Her phone rings in her pocket and she frowns. She isn't expecting any calls and that worries her. She fishes it out and looks at the number on the screen. Her heart rate quickens and a feeling of terror settles over her as she flicks a finger across the screen to answer.

"Hello" she tries to sound confident and strong, her normal self.

"Yes this is Ms Naylor" she confirms her identity. She listens to the words that the person on the end of the phone line says only they don't seem to make much sense. She feels tears spring in to her eyes, and slip down her cheeks as she tries to make sense of what is being said.

"Right St James'?" she finds her voice to confirm this one detail and she closes her eyes, her body shaking now.

"I'll be right there" she says as opens her eyes and shuts off the phone.

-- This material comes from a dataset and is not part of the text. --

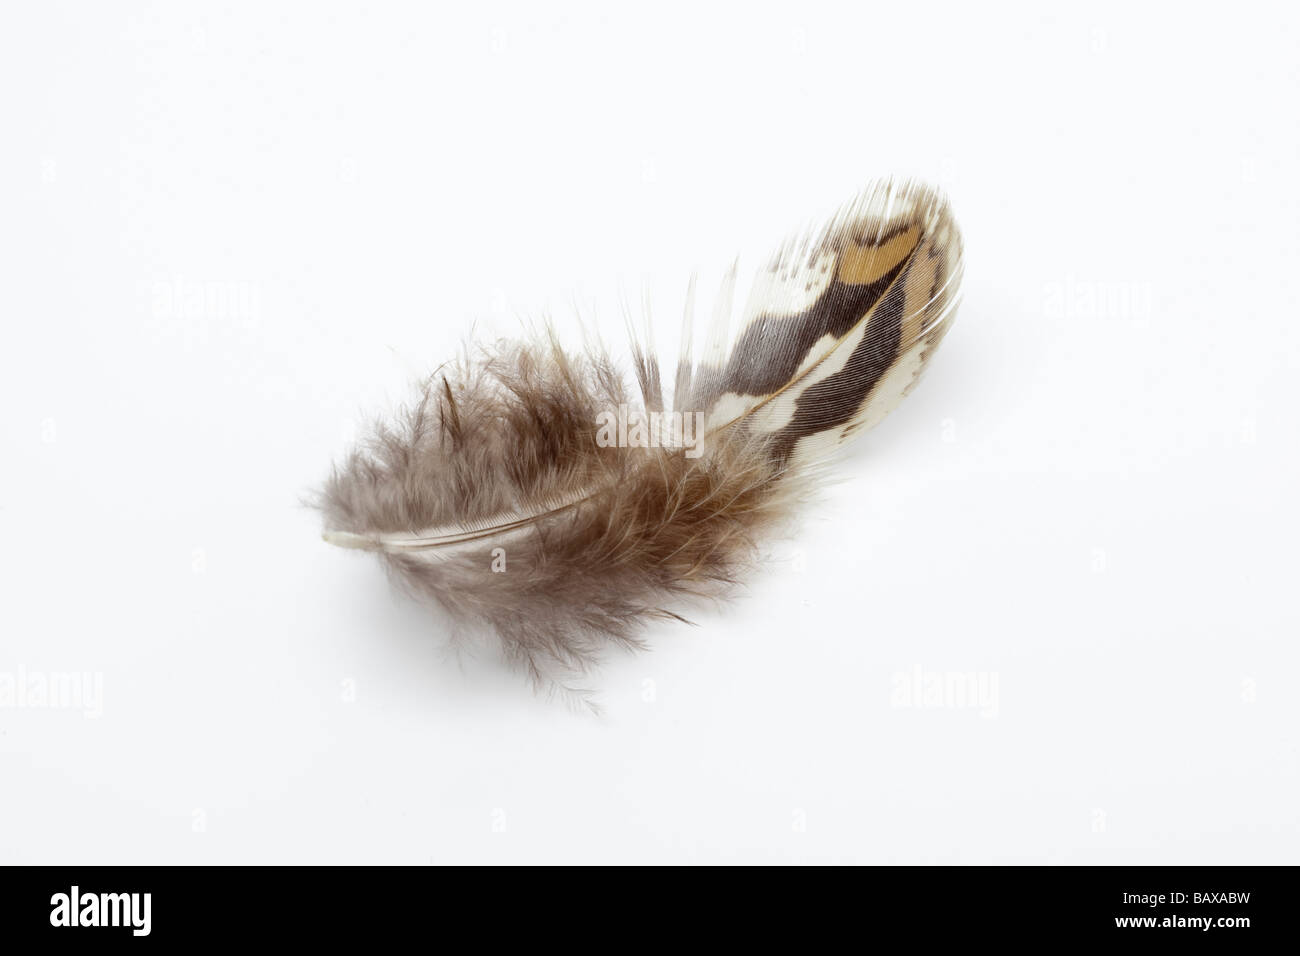 Single pheasant feather Stock Photo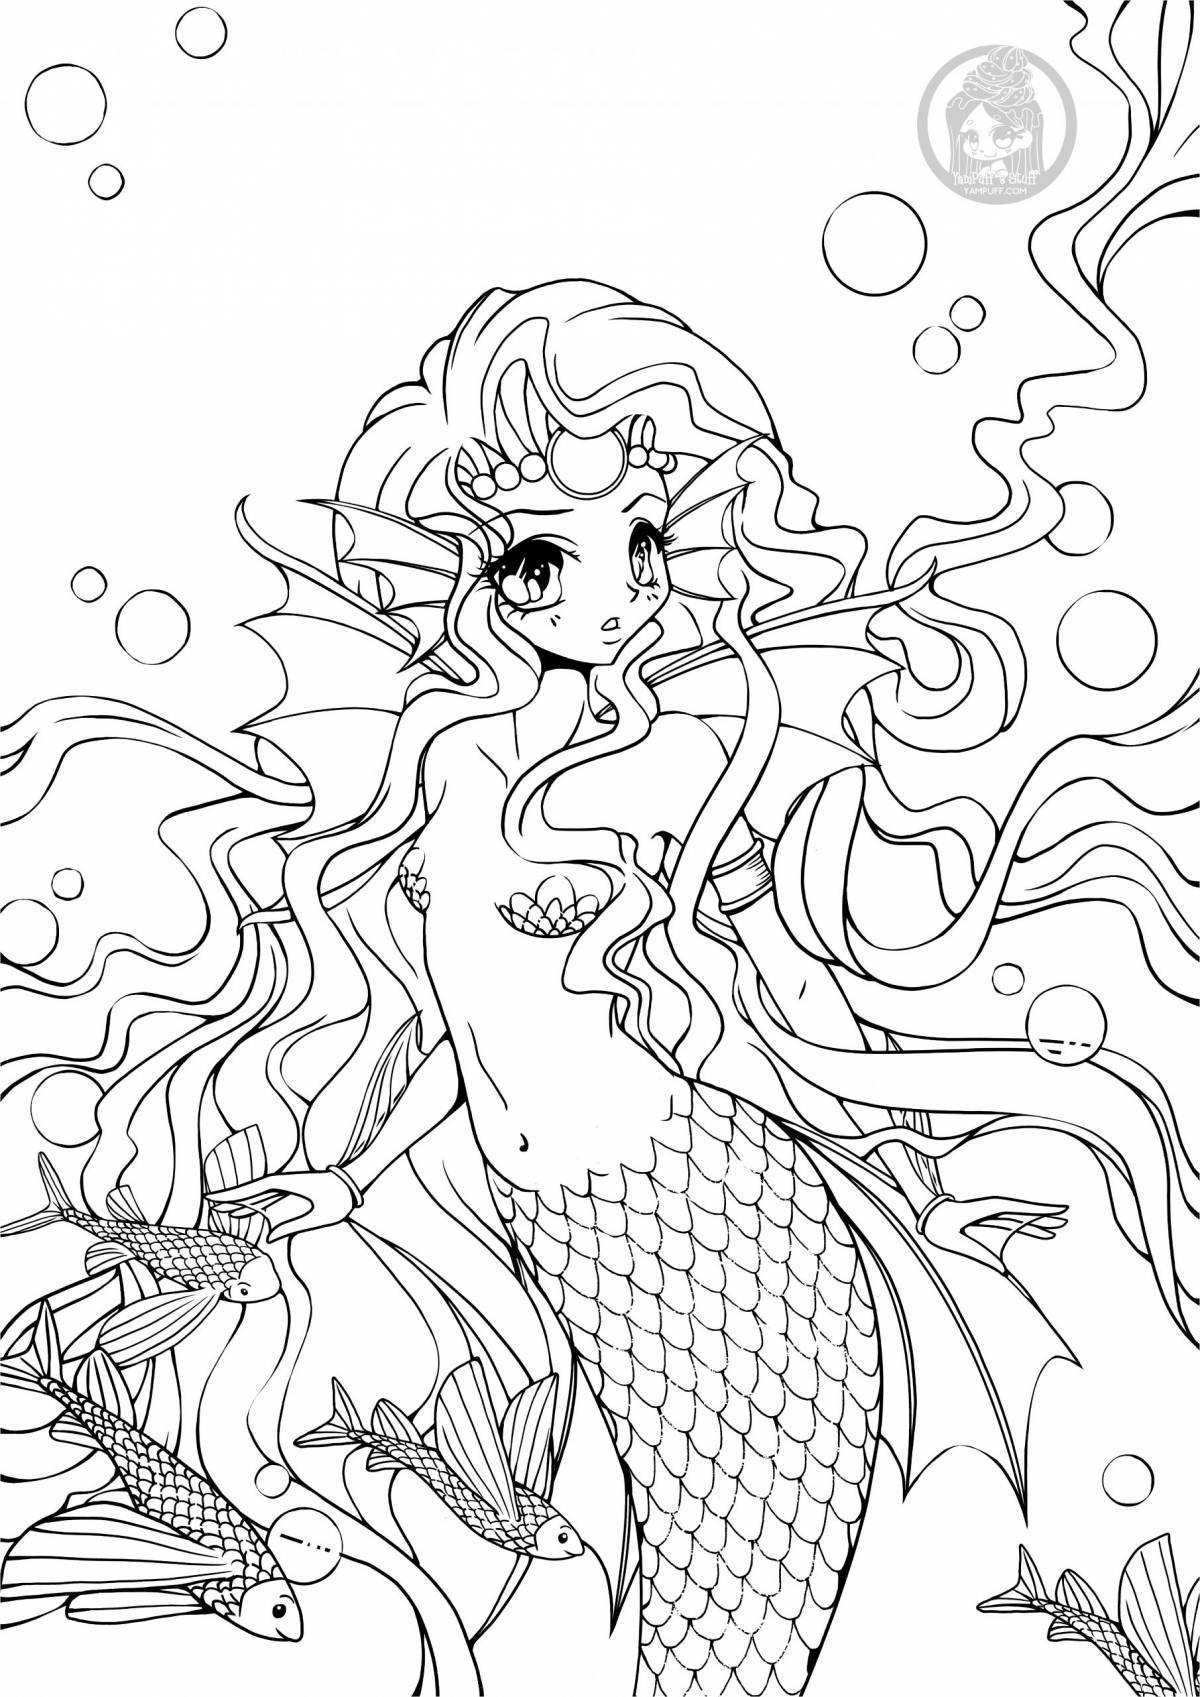 Exquisite coloring beautiful mermaid

She pushes herself up and away from the table, unable to face the concern reflected in his eyes, in the slight downturn of his mouth. She tries to control her breathing before she walks away but the shaking of her body causes her to sway and she loses balance needing the support of the table to stand.

"Jac?" he speaks gently, she watches as he stands and moves closer to her. If she had more strength she would step back and away from him but she doesn't trust herself not to fall.

"Millie's had an accident" she whispers so quietly, the terror and panic colouring each word she manages to choke out.